All of lore.kernel.org
 help / color / mirror / Atom feed
From: Al Viro <viro@zeniv.linux.org.uk>
To: Sebastian Andrzej Siewior <bigeasy@linutronix.de>
Cc: linux-fsdevel@vger.kernel.org,
	Matthew Wilcox <willy@infradead.org>,
	Thomas Gleixner <tglx@linutronix.de>
Subject: Re: [PATCH 2/4] fs/dcache: Split __d_lookup_done()
Date: Wed, 27 Jul 2022 04:36:49 +0100	[thread overview]
Message-ID: <YuCy0Zzt/mq3IBz7@ZenIV> (raw)
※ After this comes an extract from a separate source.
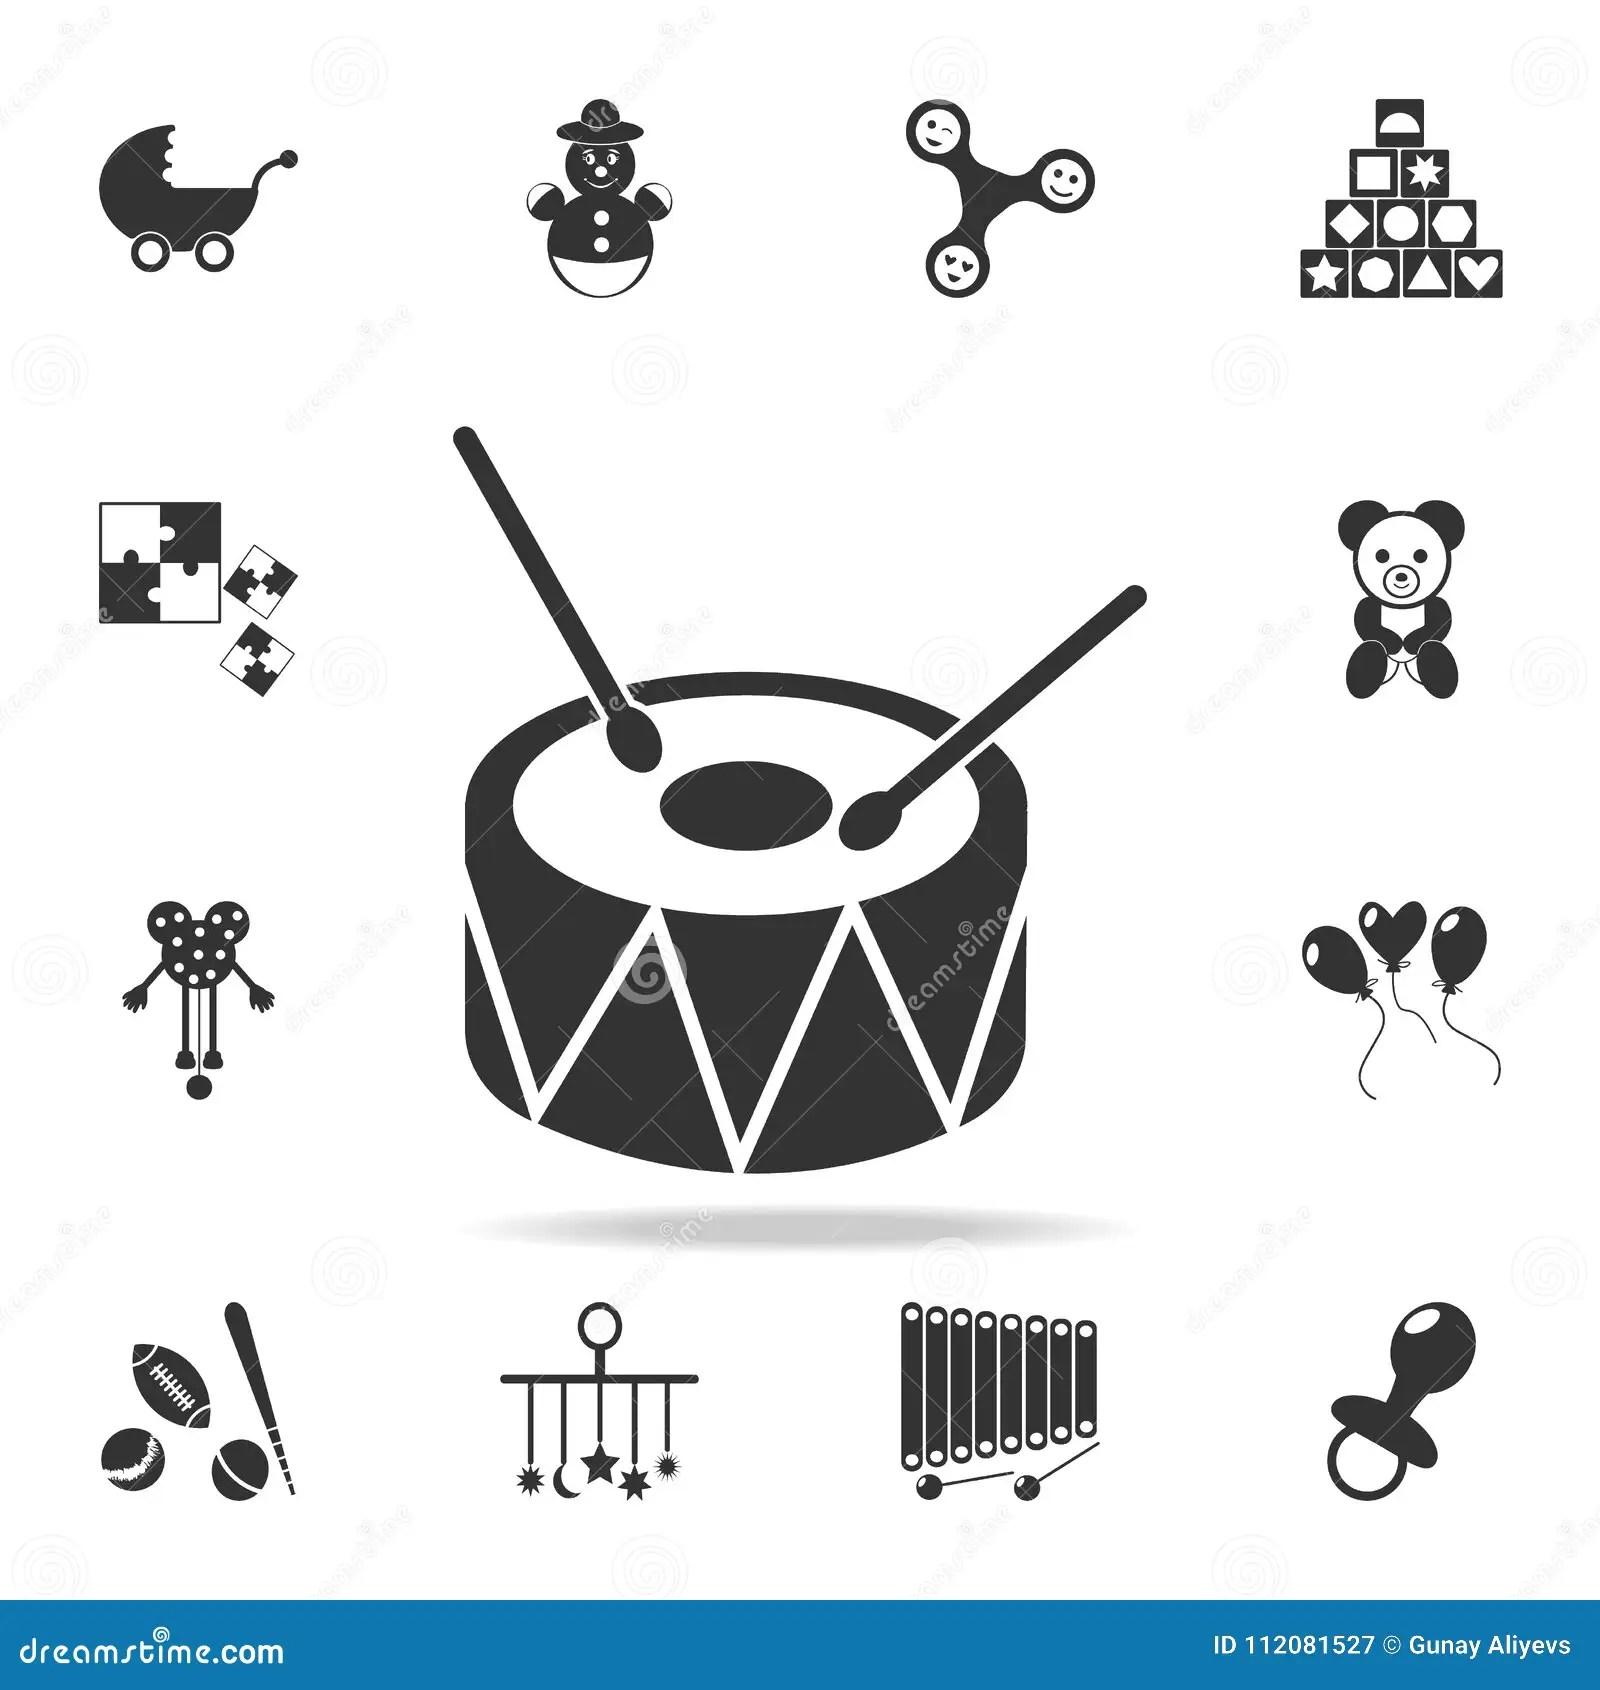 Drum Toy Icon. Detailed Set Of Baby Toys Icons. Premium

In-Reply-To: <YuCxiWkbfWTT+p1f@ZenIV>

On Wed, Jul 27, 2022 at 04:31:21AM +0100, Al Viro wrote:
> On Mon, Jun 13, 2022 at 04:07:10PM +0200, Sebastian Andrzej Siewior wrote:
> > __d_lookup_done() wakes waiters on dentry::d_wait inside a preemption
> > disabled region. This violates the PREEMPT_RT constraints as the wake up
> > acquires wait_queue_head::lock which is a "sleeping" spinlock on RT.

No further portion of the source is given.